A fault-tolerant way to replicate an entire CouchDB cluster
$ npm install -g replicate-couchdb-cluster
Usage: replicate-couchdb-cluster -s source -t target options
-s source The URL for the CouchDB cluster from which we will be
replicating
-t target The URL for the CouchDB cluster to which we will be
replicating
Options:
-c max-concurrency The maximum number of concurrent replications. If this
value is omitted then the max-concurrency is defaulted
to 20.
-i dbs-to-skip A comma separated list of DBS to skip
-a Use the target's _replicate API when replicating. This is
particularly useful when you are trying to replicate from
a remote source to localhost. By default, the source's
_replicate API is used.
-v Verbose
-d Debug info such as details of the requests and responses.
Useful for determining why long replications are failing.
Examples:
Replicate all DBs on example1.com to example2.com:
$ replicate-couchdb-cluster -s http://example1.com:5984 -t http://example2.com:5984
Replicate all DBs, except the _users and _replicator DBs:
$ replicate-couchdb-cluster -s http://example1.com:5984 -t http://example2.com:5984 \
-i _users,replicator
Replicate all DBs using SSL and authentication:
$ replicate-couchdb-cluster -s https://admin1:[email protected]:6984 \
-t https://admin2:[email protected]:6984
Replicate all DBs from a remote source to a local source:
$ replicate-couchdb-cluster -s https://admin1:[email protected] \
-t http://localhost:5984
-a
This can be useful for scheduling a reoccurring backup.

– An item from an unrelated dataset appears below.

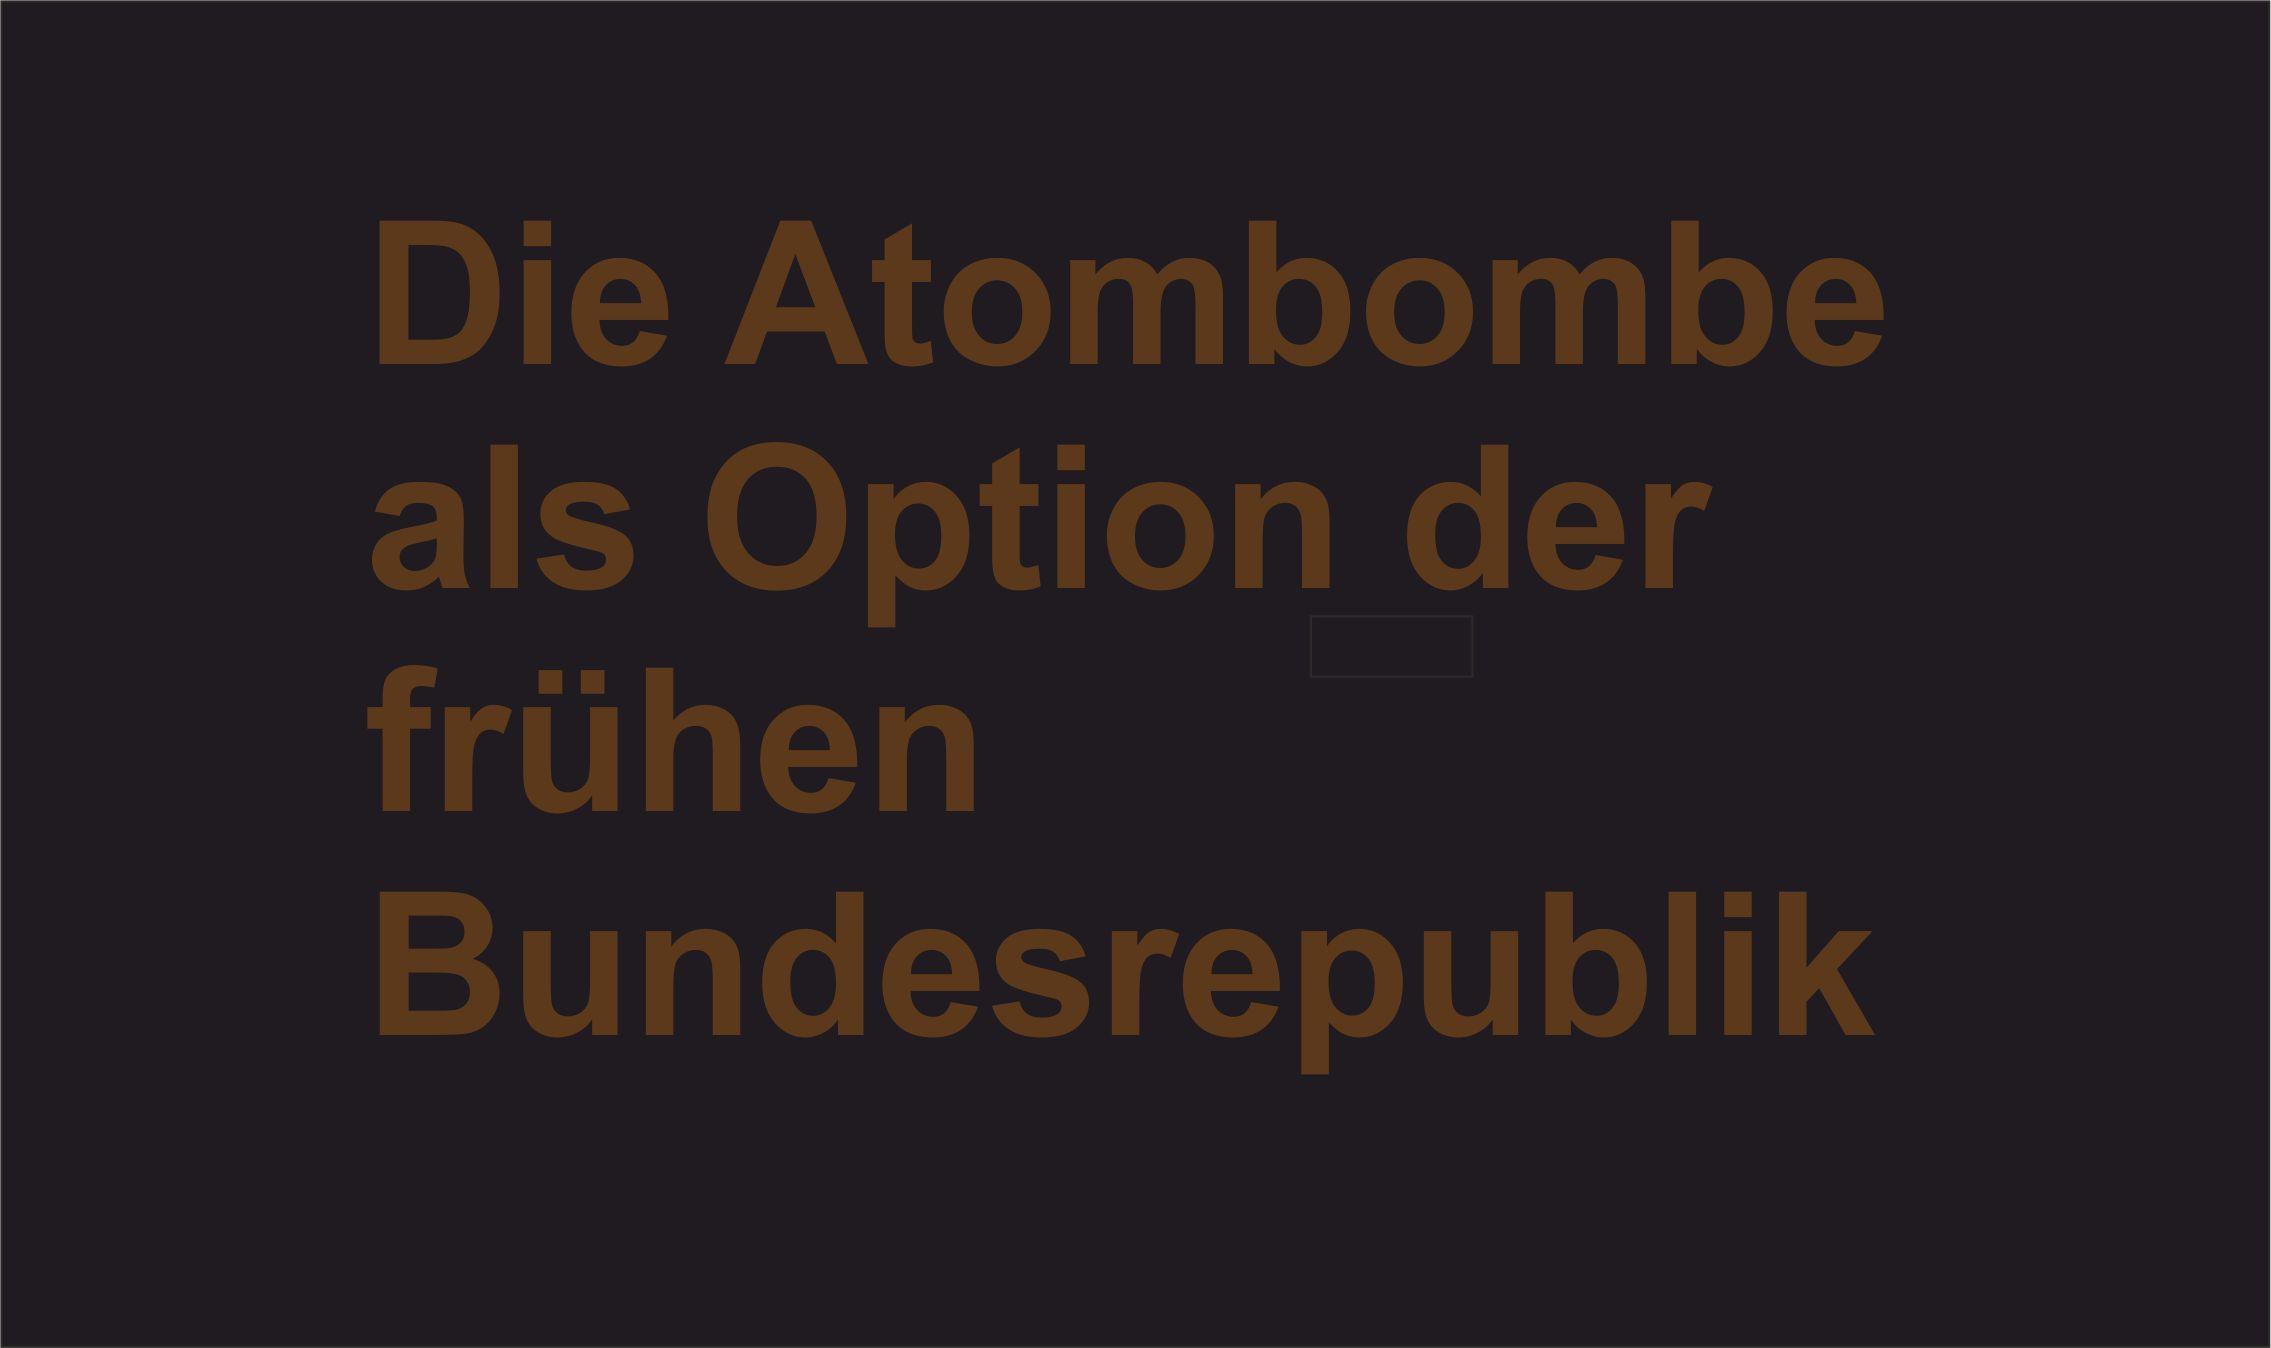 Die Atombombe als Option der frühen Bundesrepublik

Run the replication in the foreground:
$ docker run -it \
-e SOURCE="https://admin1:[email protected]:6984" \
-e TARGET="https://admin2:[email protected]:6984" \
redgeoff/replicate-couchdb-cluster
Replicate every hour in the background. This will persist through server reboots:
$ docker run -d --name replicate-couchdb-cluster \
--restart always \
-e SOURCE="https://admin1:[email protected]:6984" \
-e TARGET="https://admin2:[email protected]:6984" \
-e RUN_EVERY_SECS=3600 \
-e VERBOSE=true \
redgeoff/replicate-couchdb-cluster
Notes:
- If the replication takes longer than RUN_EVERY_SECS, it will result to running the replications back to back. You can use
RUN_EVERY_SECS=0
if you always want the replication to run continuously. - You can view the output at
/var/lib/docker/containers/<container id>/<container id>-json.log
Replicate every day at 23:00 UTC (11 PM). This will persist through server reboots:
$ docker run -d --name replicate-couchdb-cluster \
--restart always \
-e SOURCE="https://admin1:[email protected]:6984" \
-e TARGET="https://admin2:[email protected]:6984" \
-e RUN_AT="23:00" \
-e VERBOSE=true \
redgeoff/replicate-couchdb-cluster
All options:
$ docker run -d --name replicate-couchdb-cluster \
--restart always
-e SOURCE="https://admin1:[email protected]:6984" \
-e TARGET="https://admin2:[email protected]:6984" \
-e RUN_AT="HH:MM" \
-e RUN_EVERY_SECS=3600 \
-e CONCURRENCY=10 \
-e SKIP="_users,_replicator" \
-e USE_TARGET_API=1 \
-e VERBOSE=true \
-e DEBUG=true \
redgeoff/replicate-couchdb-cluster
Note: The RUN_AT and RUN_EVERY_SECS options cannot be used simultaneously. RUN_AT will always take precedence over RUN_EVERY_SECS.
You can also use the API.
Example:
var replicate = require('replicate-couchdb-cluster');
replicate({
source: https://admin1:[email protected]:6984,
target: https://admin2:[email protected]:6984,
concurrency: 10,
skip: ['_users', '_replicator'],
verbose: true,
useTargetAPI: true,
debug: true
}).then(function () {
// Replication done
});
You may be wondering why you would need such a tool when CouchDB 2 automatically replicates data between nodes:
- We feel it is much safer to have a separate backup of our data in case something happens to our data, e.g. we accidentally delete data, there is a hacking attempt, etc...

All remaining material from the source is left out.